* [YOUR TASK]: Quote exactly and only this range of lines in the data below: the line that holds "Карлоса Гона подозревают" to the line that holds "Bemerkenswerter Zustand mit", both included.

* [THE RECORDS]:
......

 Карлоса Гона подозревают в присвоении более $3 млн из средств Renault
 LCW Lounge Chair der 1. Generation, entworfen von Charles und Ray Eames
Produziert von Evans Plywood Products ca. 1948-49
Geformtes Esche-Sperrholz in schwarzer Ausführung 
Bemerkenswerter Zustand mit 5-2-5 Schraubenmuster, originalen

......

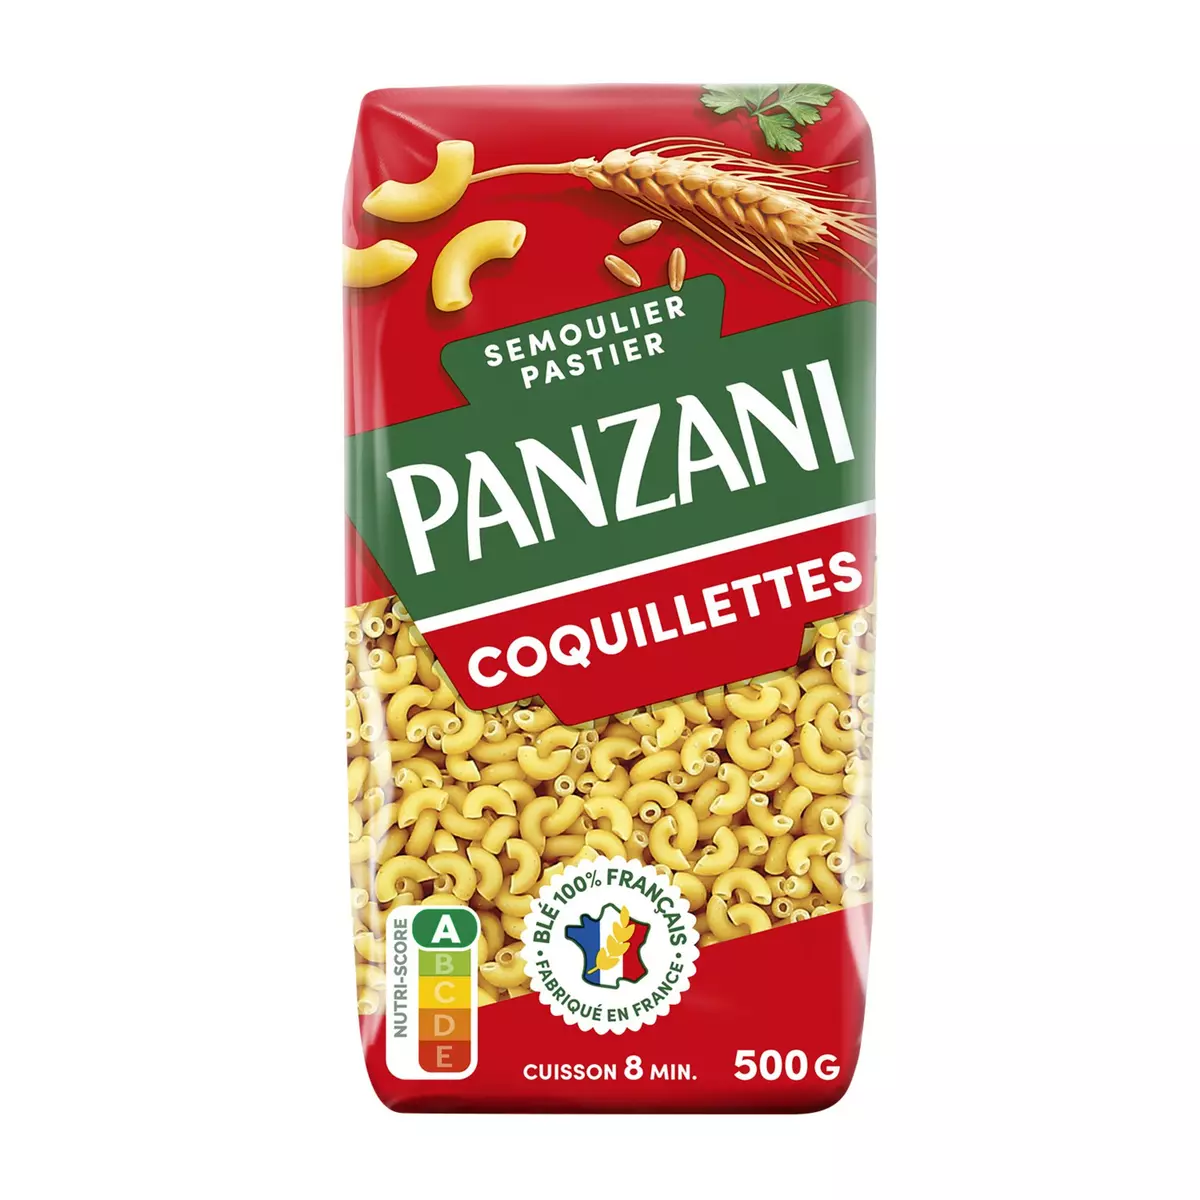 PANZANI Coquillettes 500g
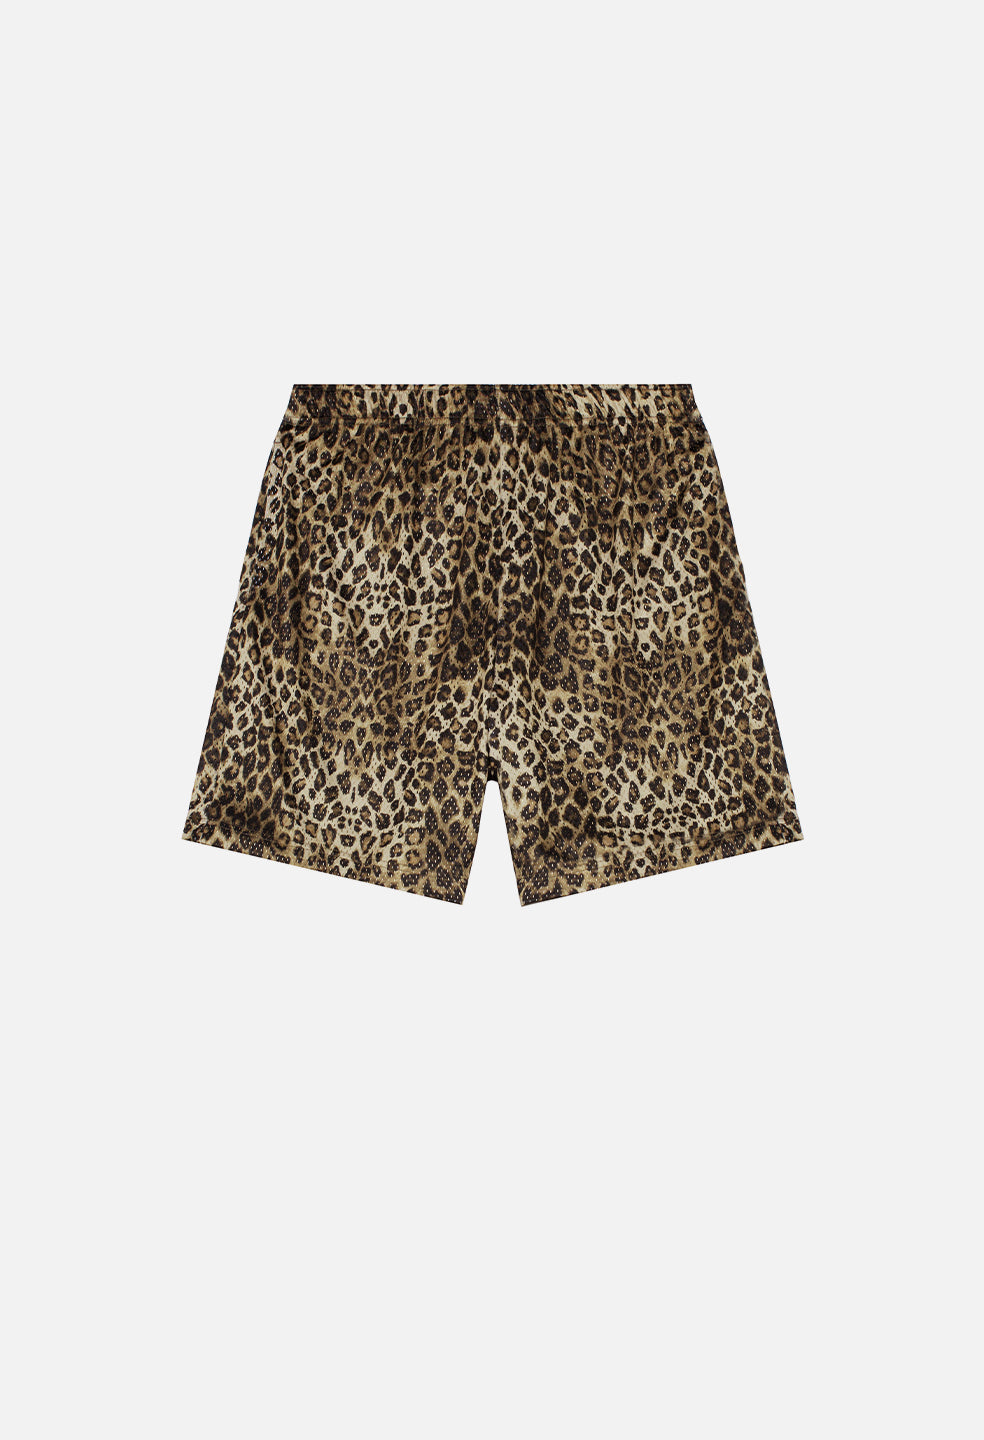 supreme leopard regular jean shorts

......

* [SOLUTION FOR THIS PROBLEM]:
 Карлоса Гона подозревают в присвоении более $3 млн из средств Renault
 LCW Lounge Chair der 1. Generation, entworfen von Charles und Ray Eames
Produziert von Evans Plywood Products ca. 1948-49
Geformtes Esche-Sperrholz in schwarzer Ausführung 
Bemerkenswerter Zustand mit 5-2-5 Schraubenmuster, originalen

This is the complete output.